PROVIDED MATERIAL:
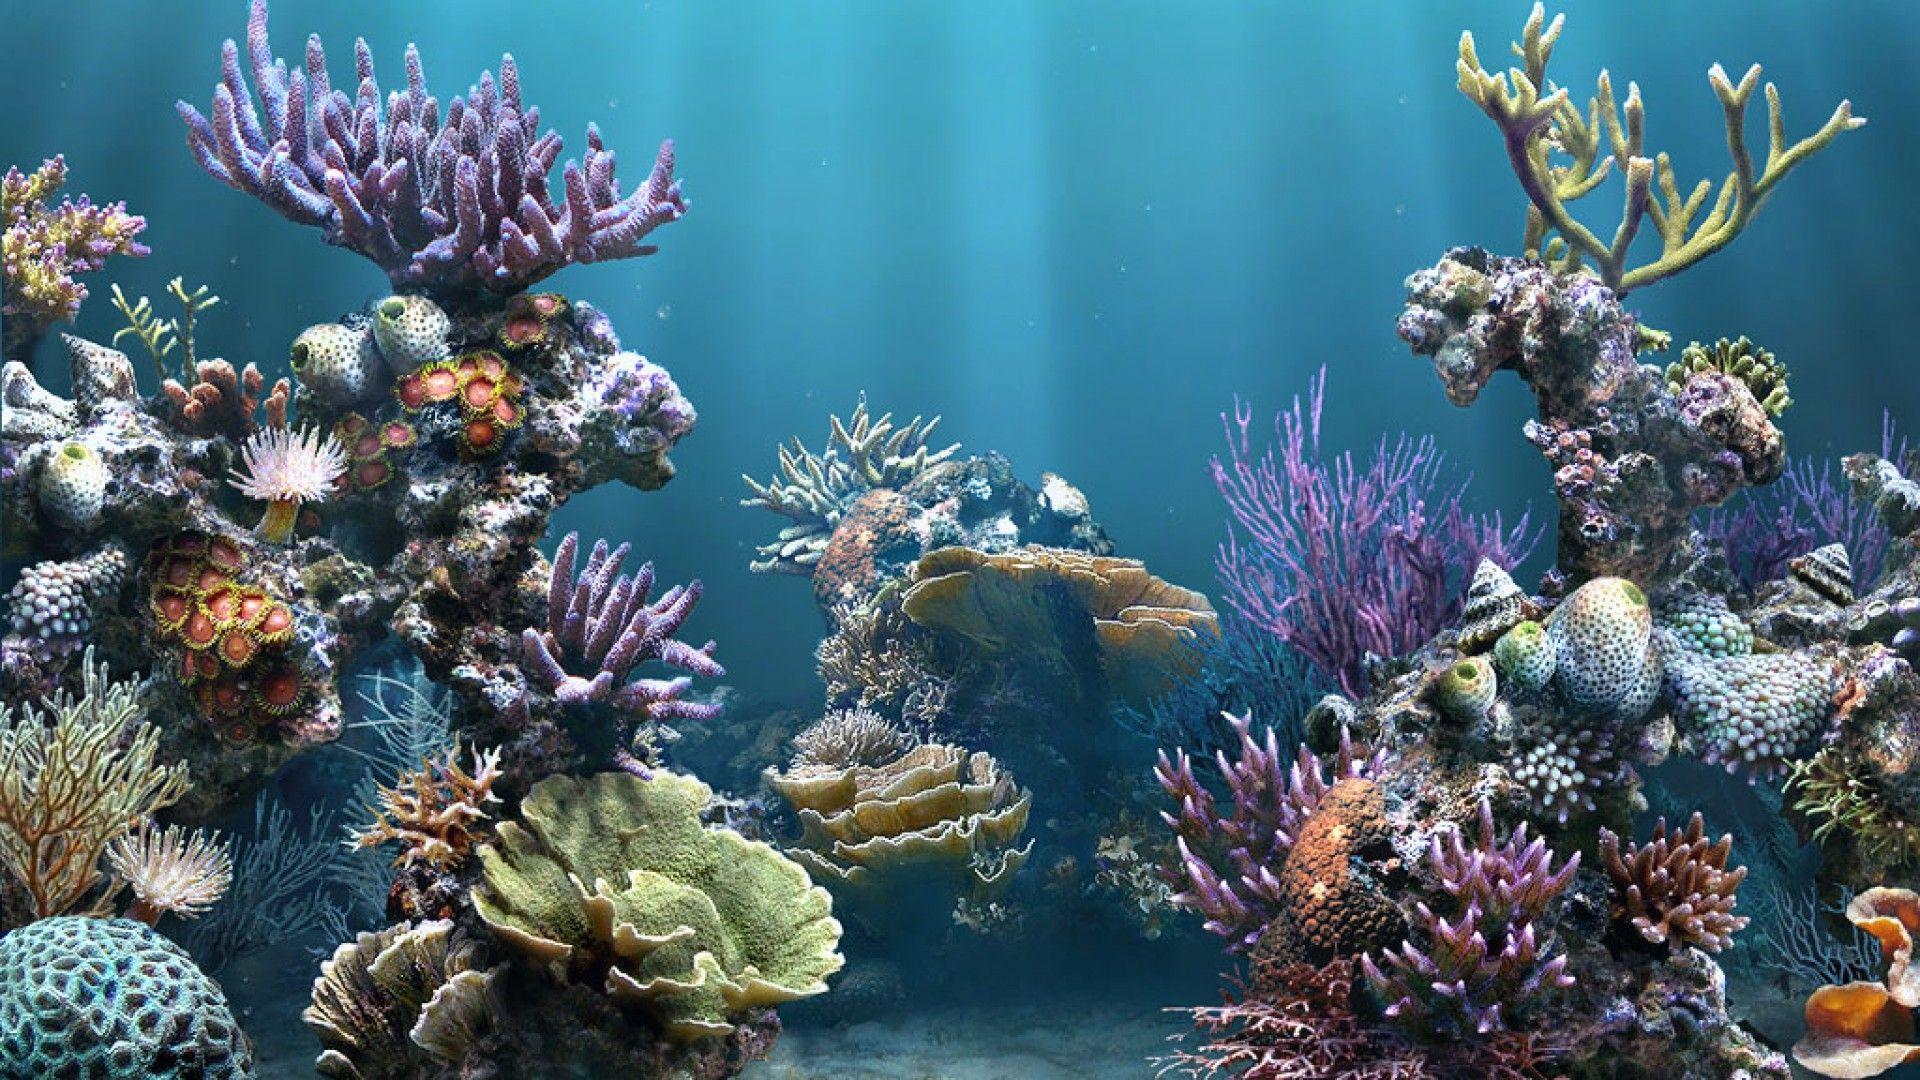 a2630dc58f89b368f164564db3acb6a8 Frais De Aquarium Tropical Schème
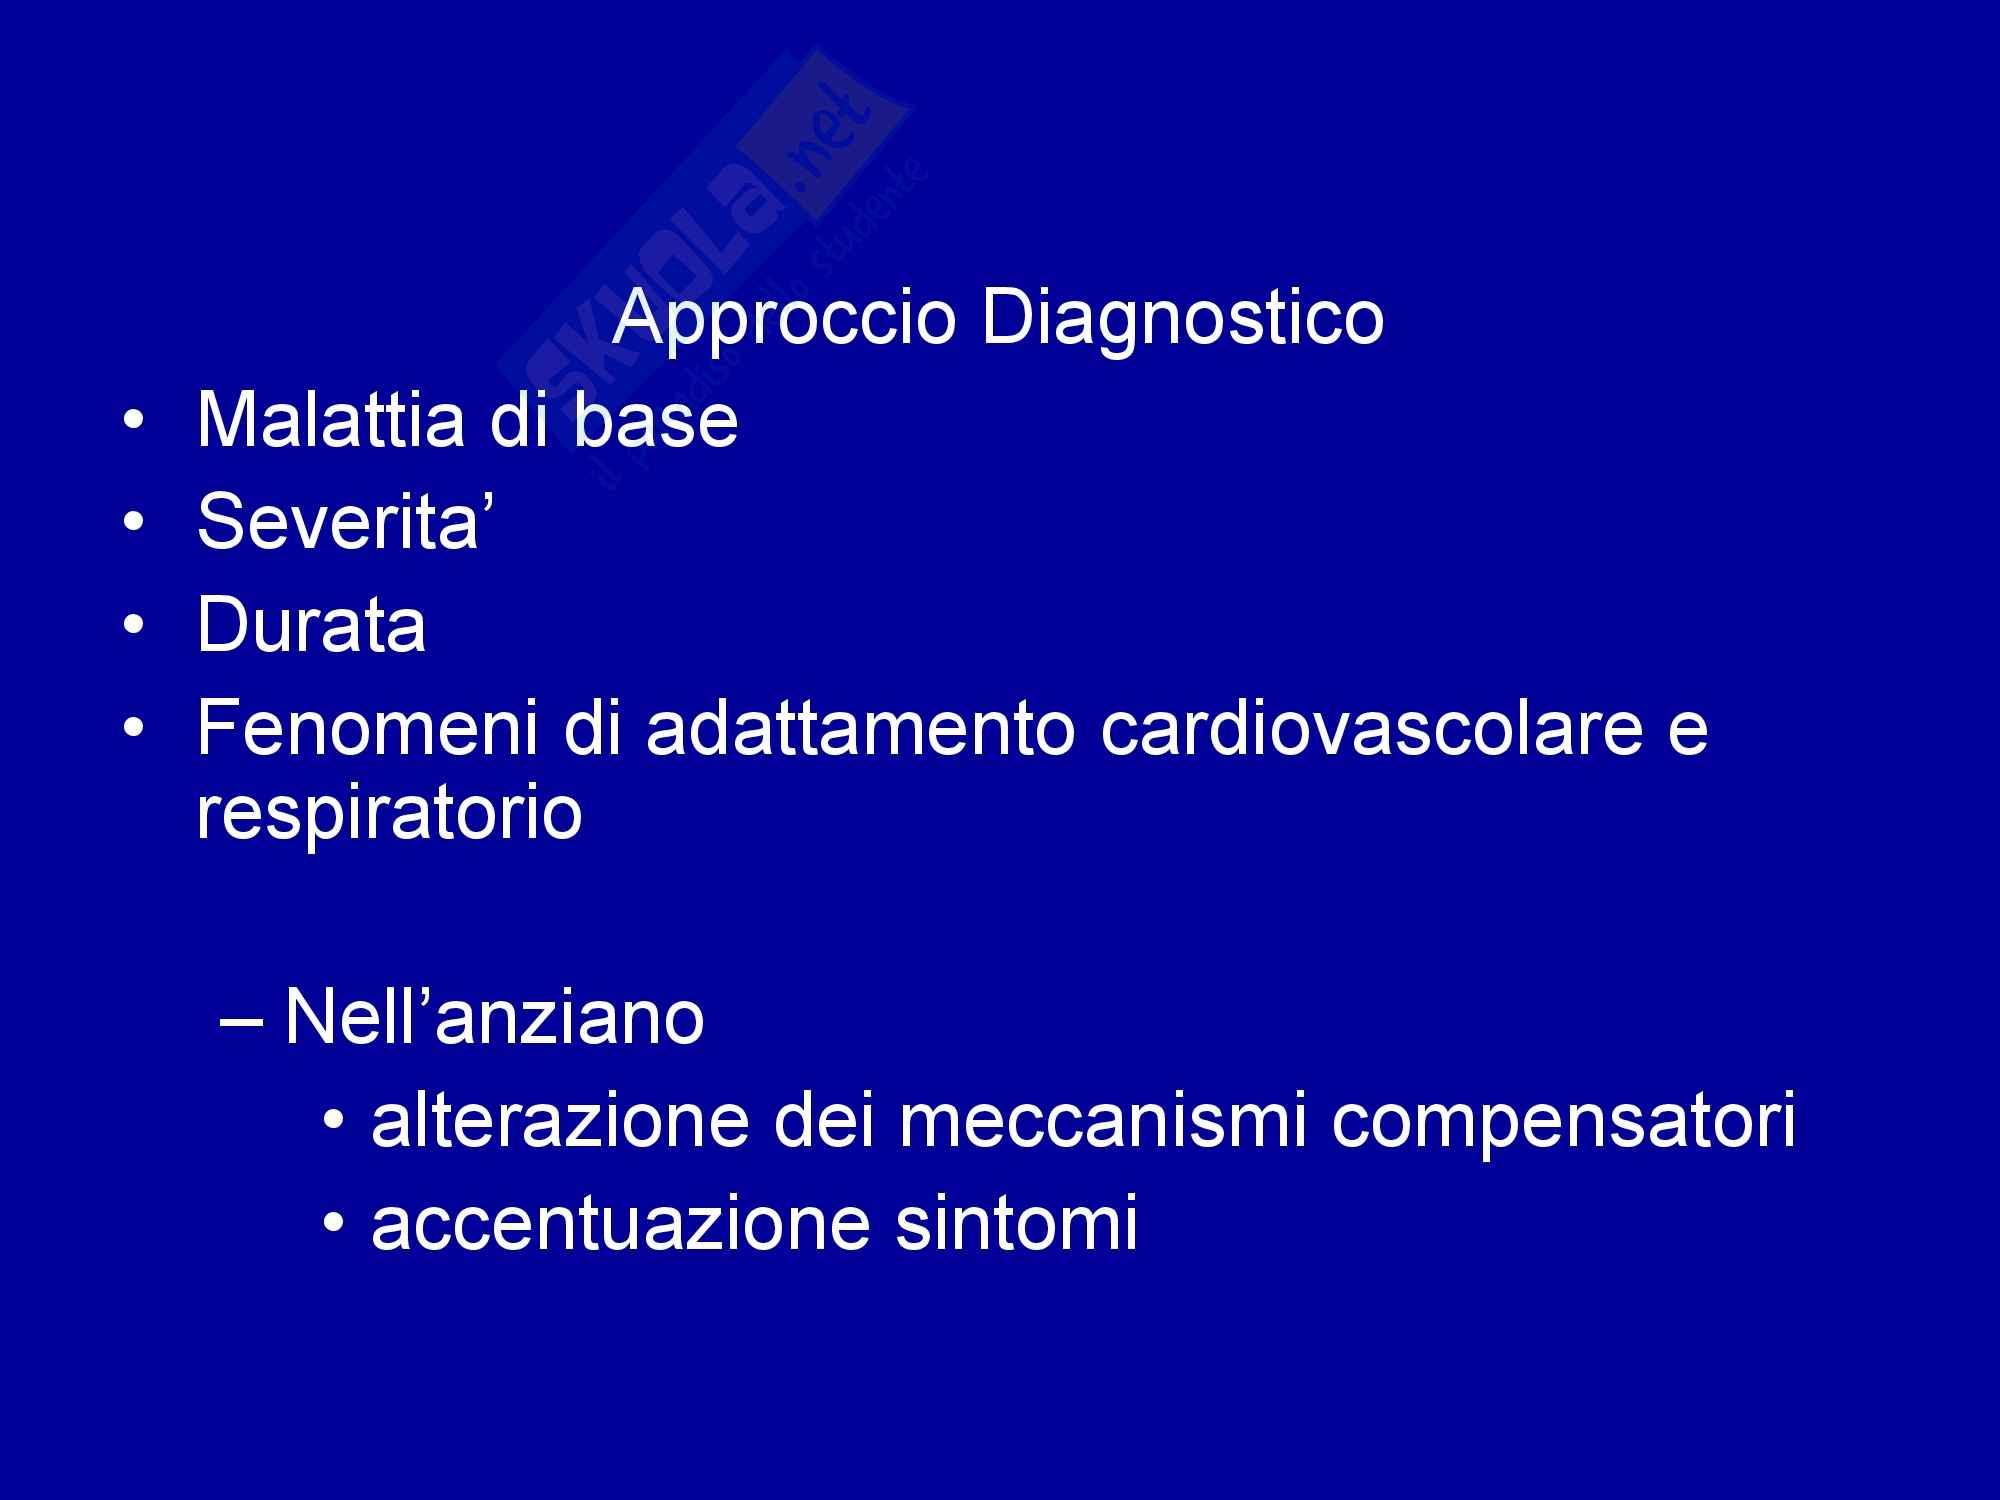 Anemia - Definizione e classificazione Pag. 16
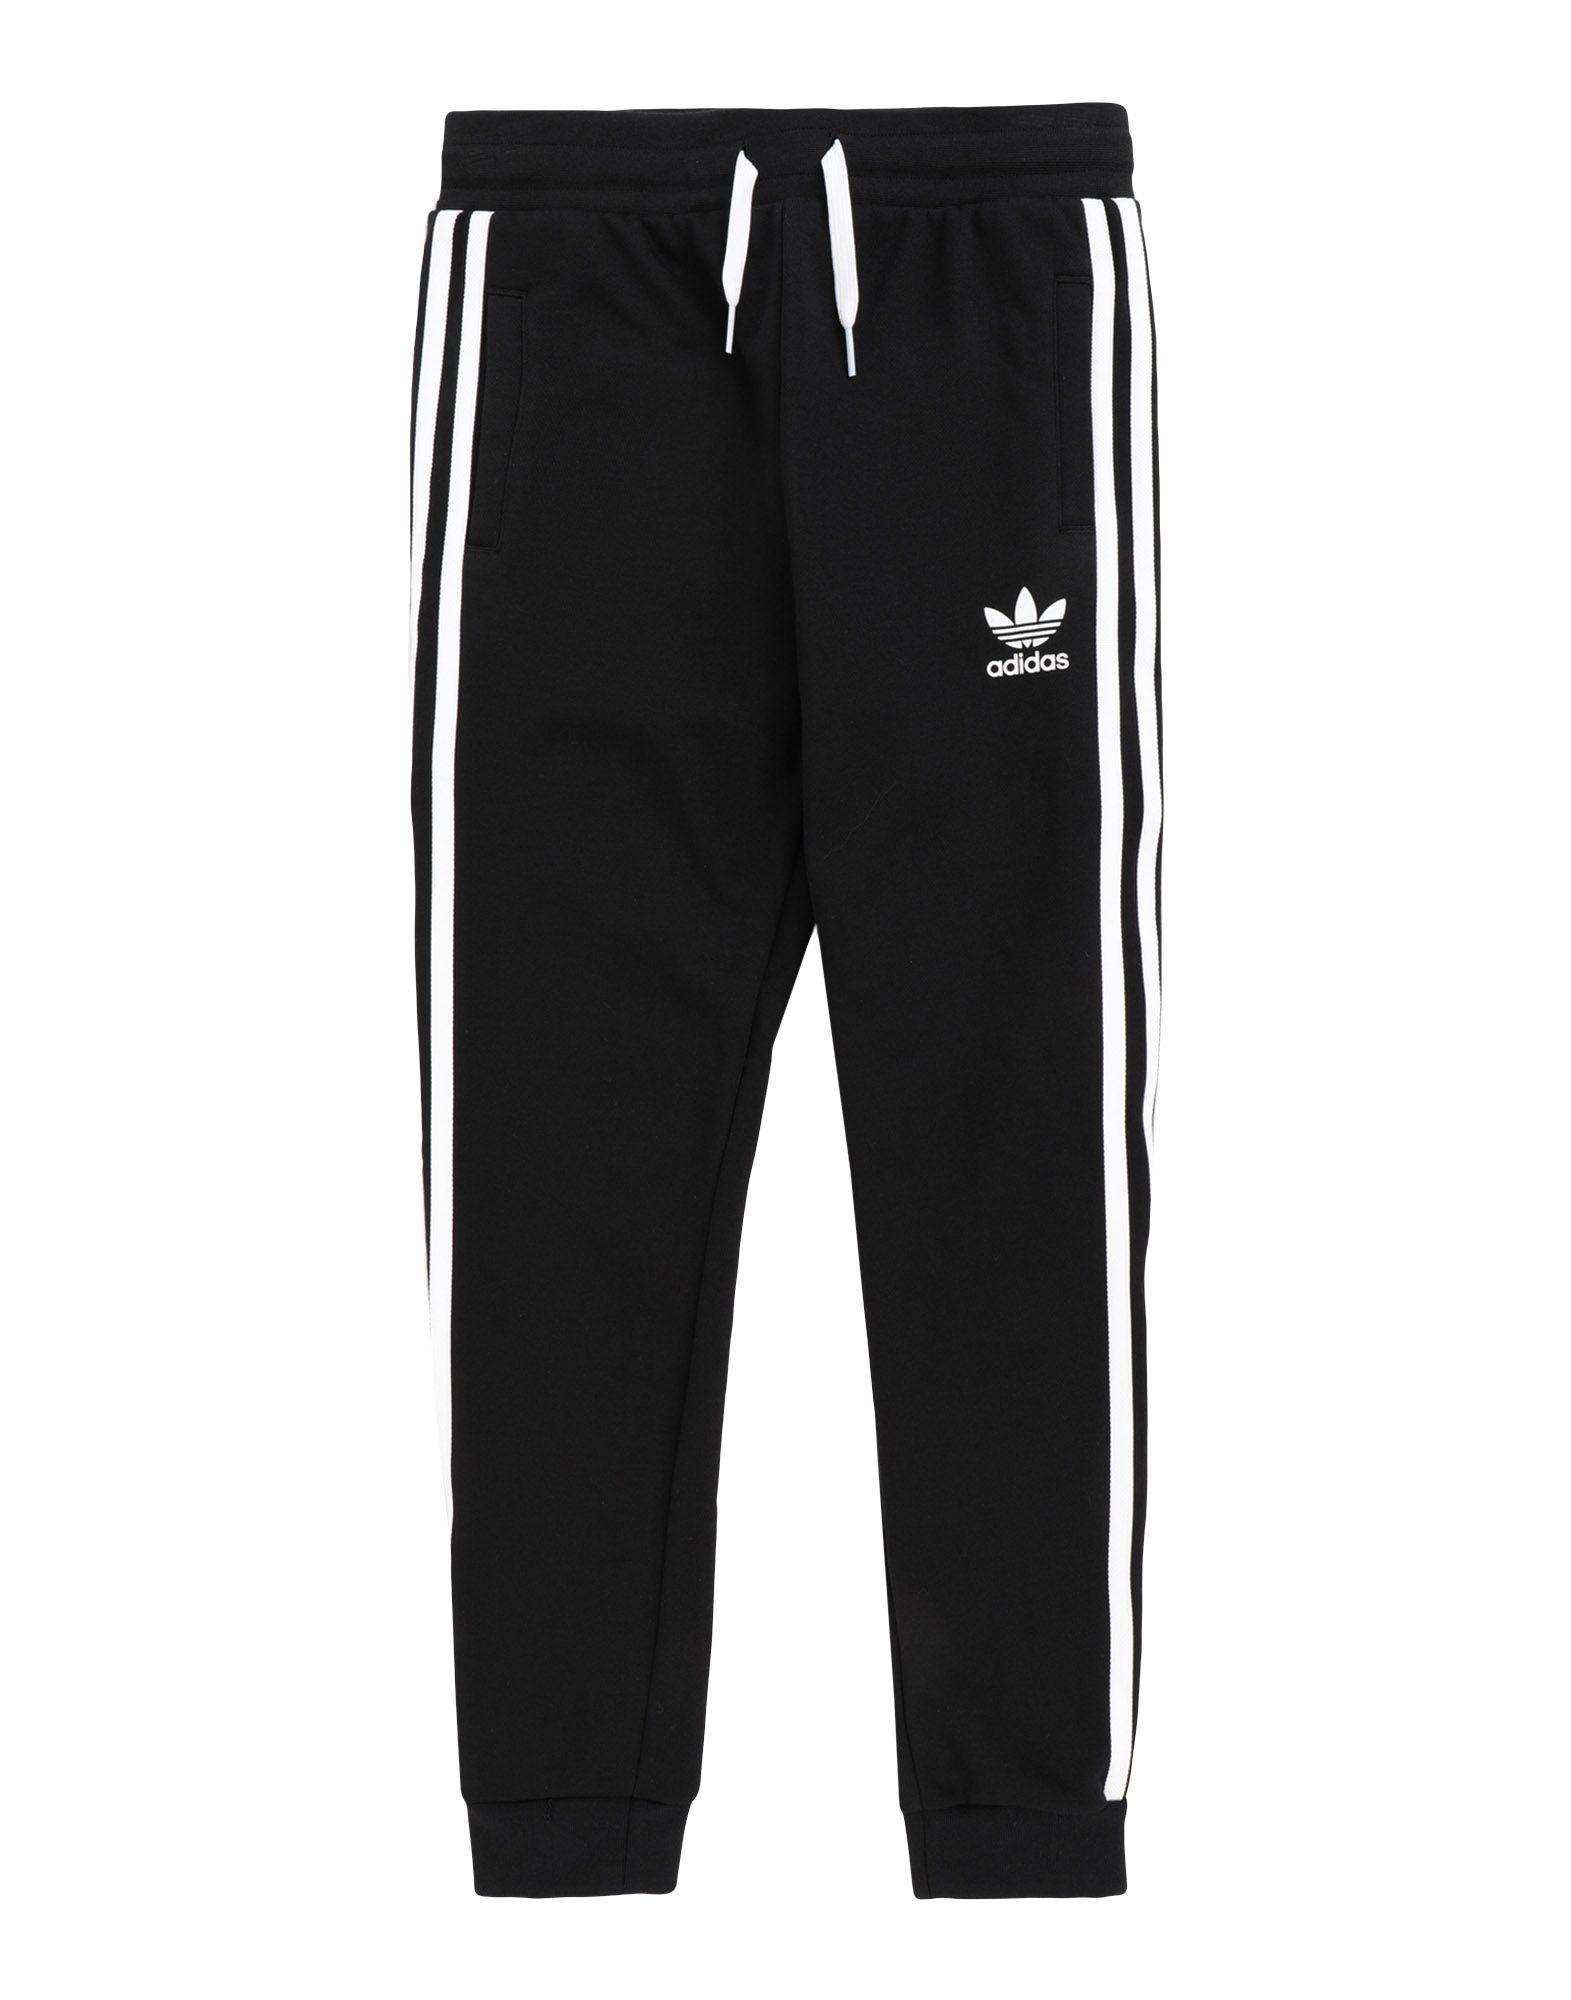 ADIDAS ORIGINALS ボーイズ パンツ TREFOIL PANTS ブラック

WHAT YOU NEED TO DO:
In the data above, find the line containing "Anemia - Definizione"; from there, please write out each line through the end, exactly, with the pictures omitted.

SOLUTION FOR THIS EXERCISE:
 Anemia - Definizione e classificazione Pag. 16
 ADIDAS ORIGINALS ボーイズ パンツ TREFOIL PANTS ブラック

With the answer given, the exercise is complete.